> _ABOUT THIS TASK_
In the entries below, repeat only the lines between those holding "RFDS Season 2" and "Pink 100% Blackout", inclusive. Leave pictures out.

> _DATA TO EXAMINE_
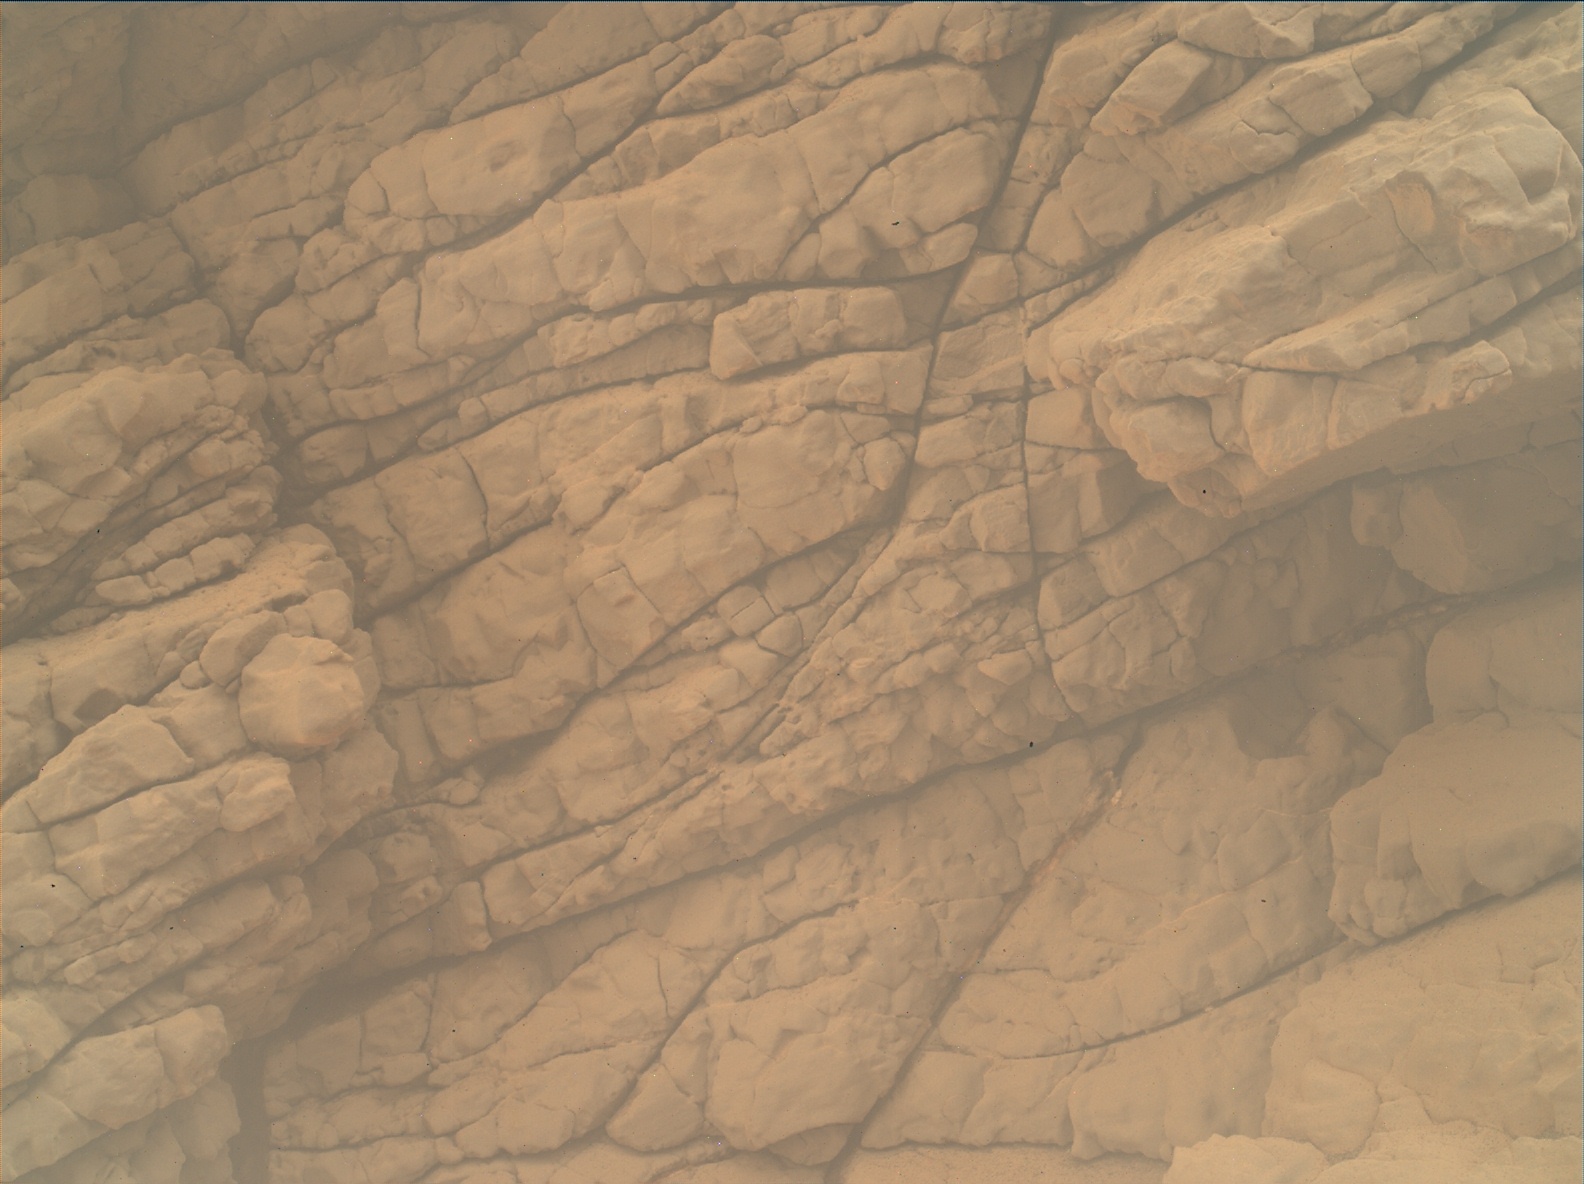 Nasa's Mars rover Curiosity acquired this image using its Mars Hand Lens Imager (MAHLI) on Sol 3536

...

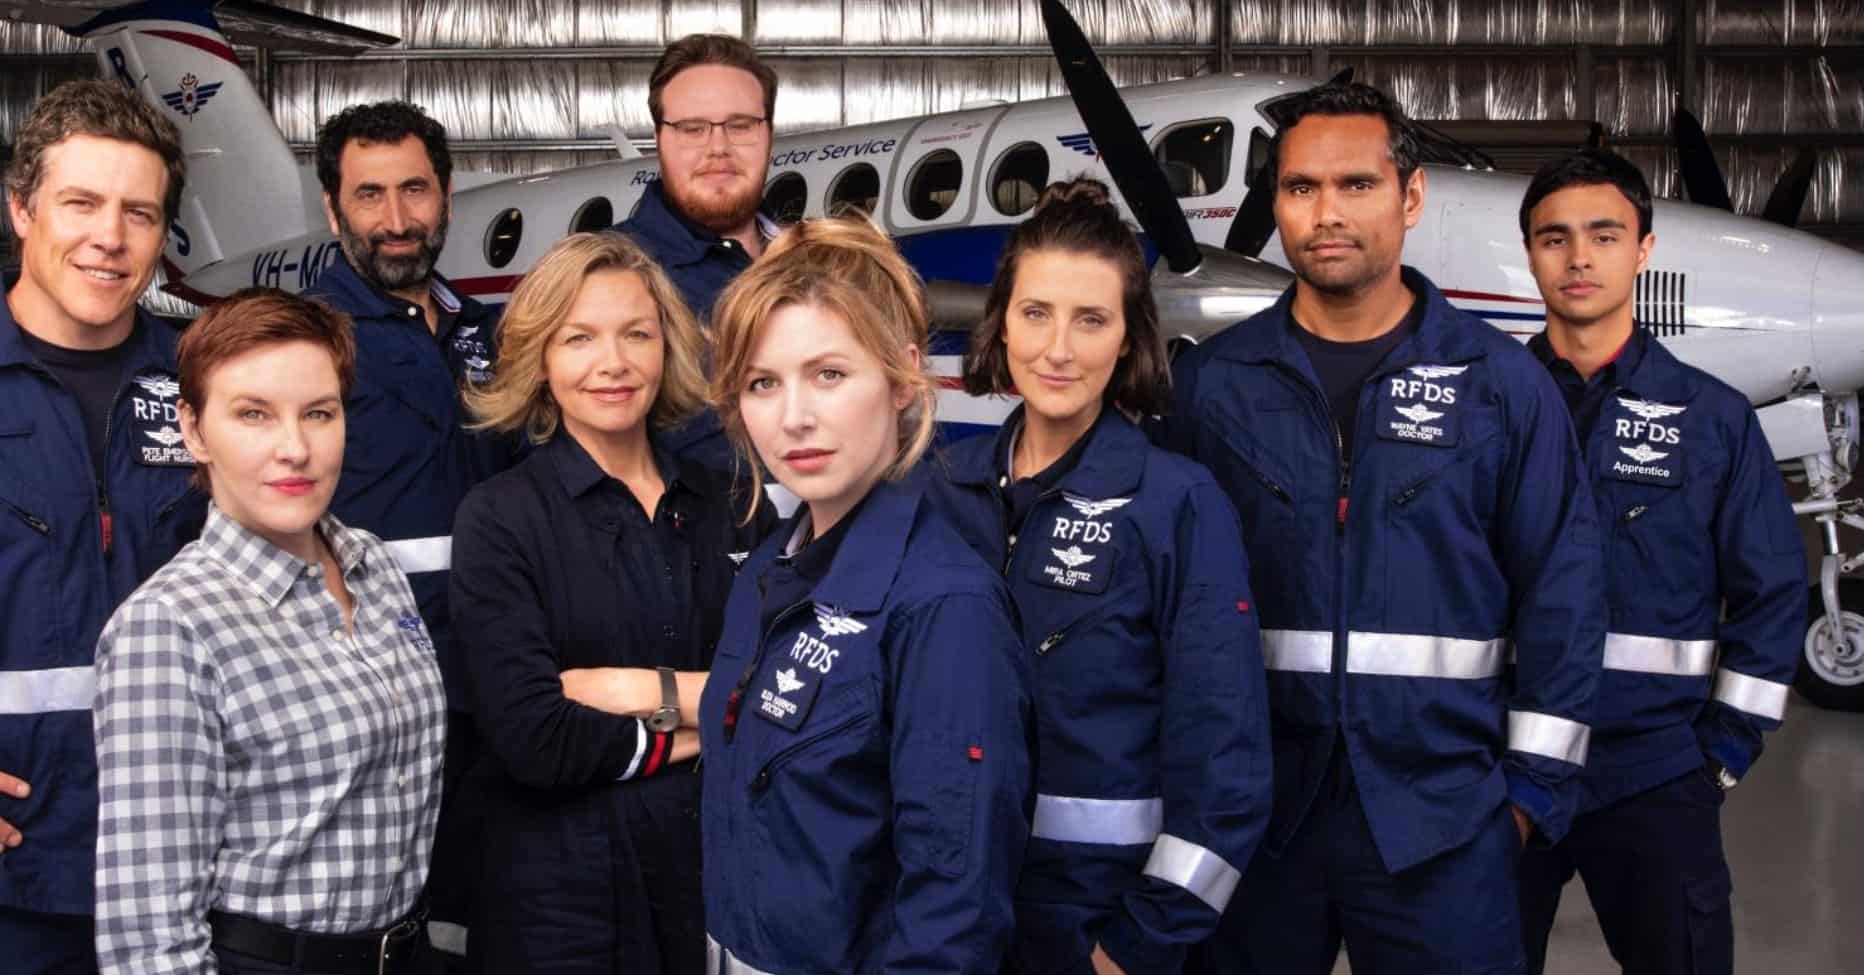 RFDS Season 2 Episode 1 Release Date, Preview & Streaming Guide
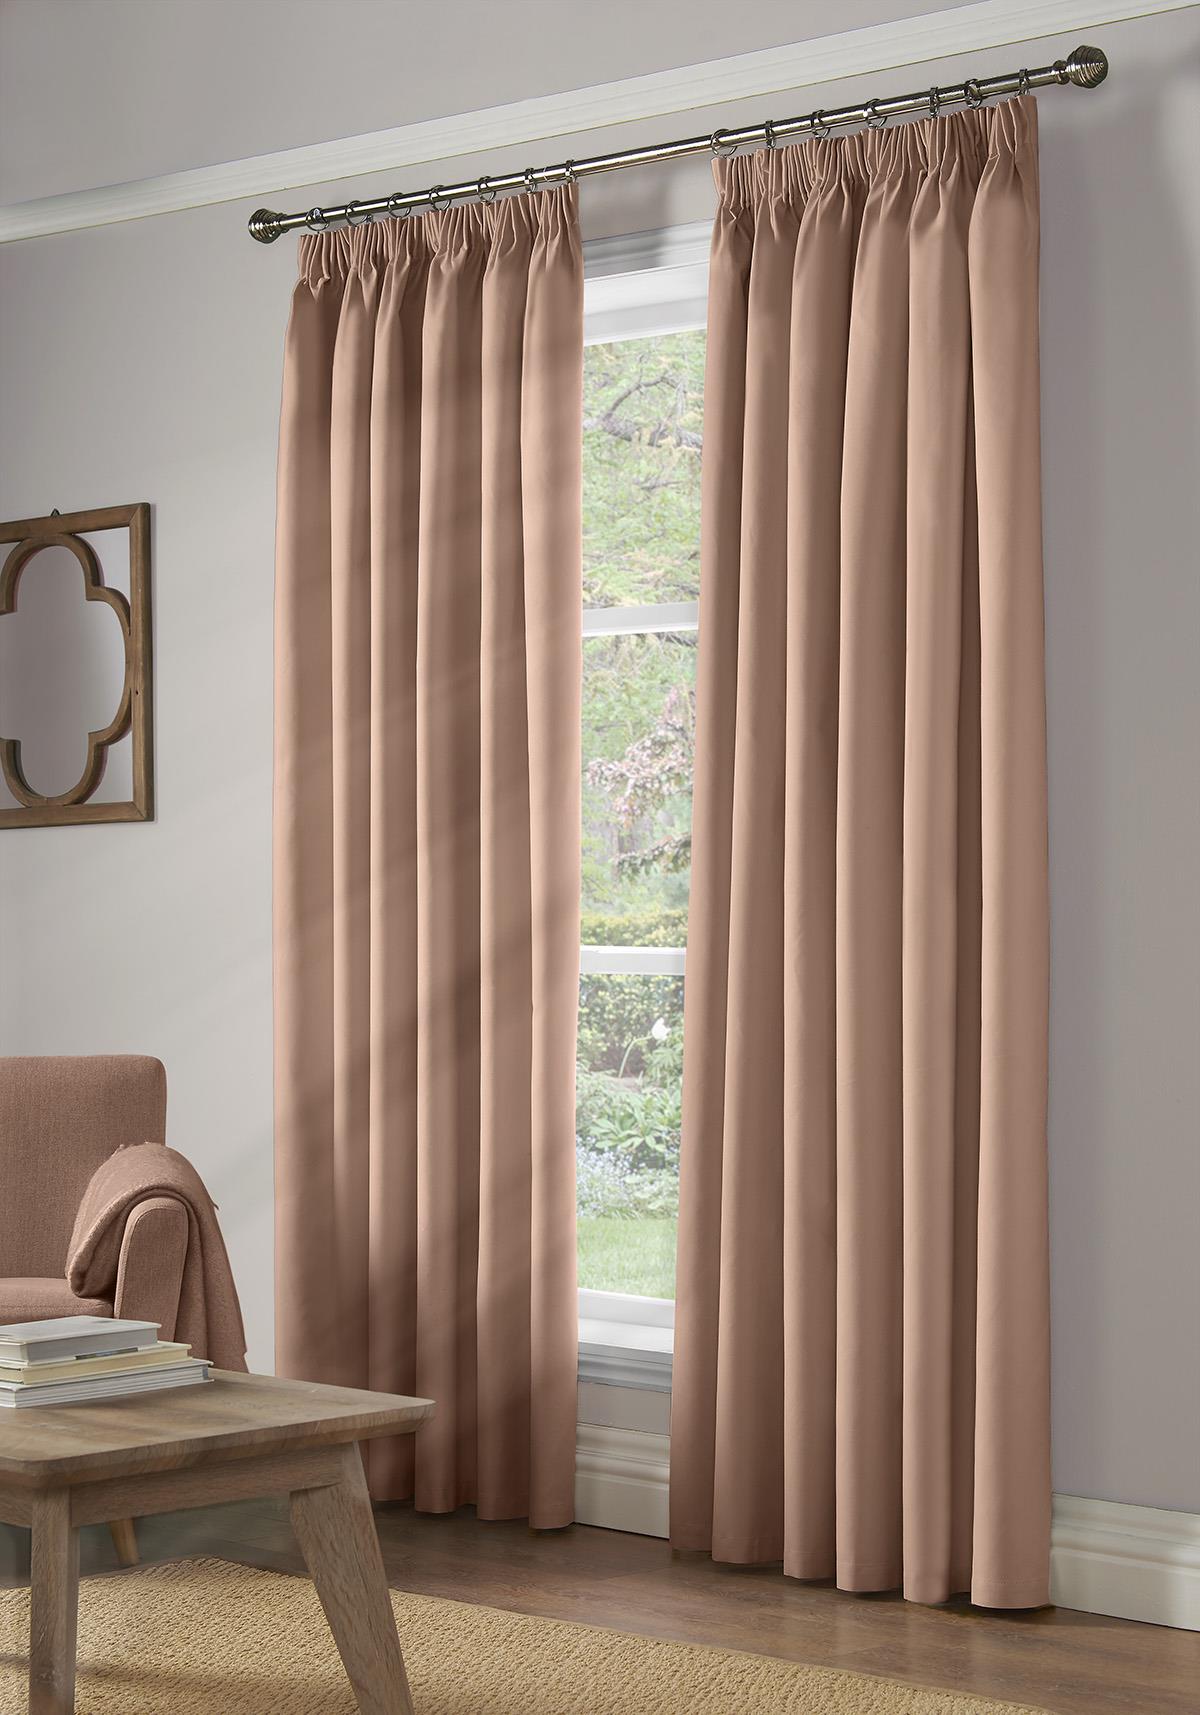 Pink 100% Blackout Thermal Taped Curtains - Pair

> _EXERCISE RESPONSE_
 RFDS Season 2 Episode 1 Release Date, Preview & Streaming Guide
 Pink 100% Blackout Thermal Taped Curtains - Pair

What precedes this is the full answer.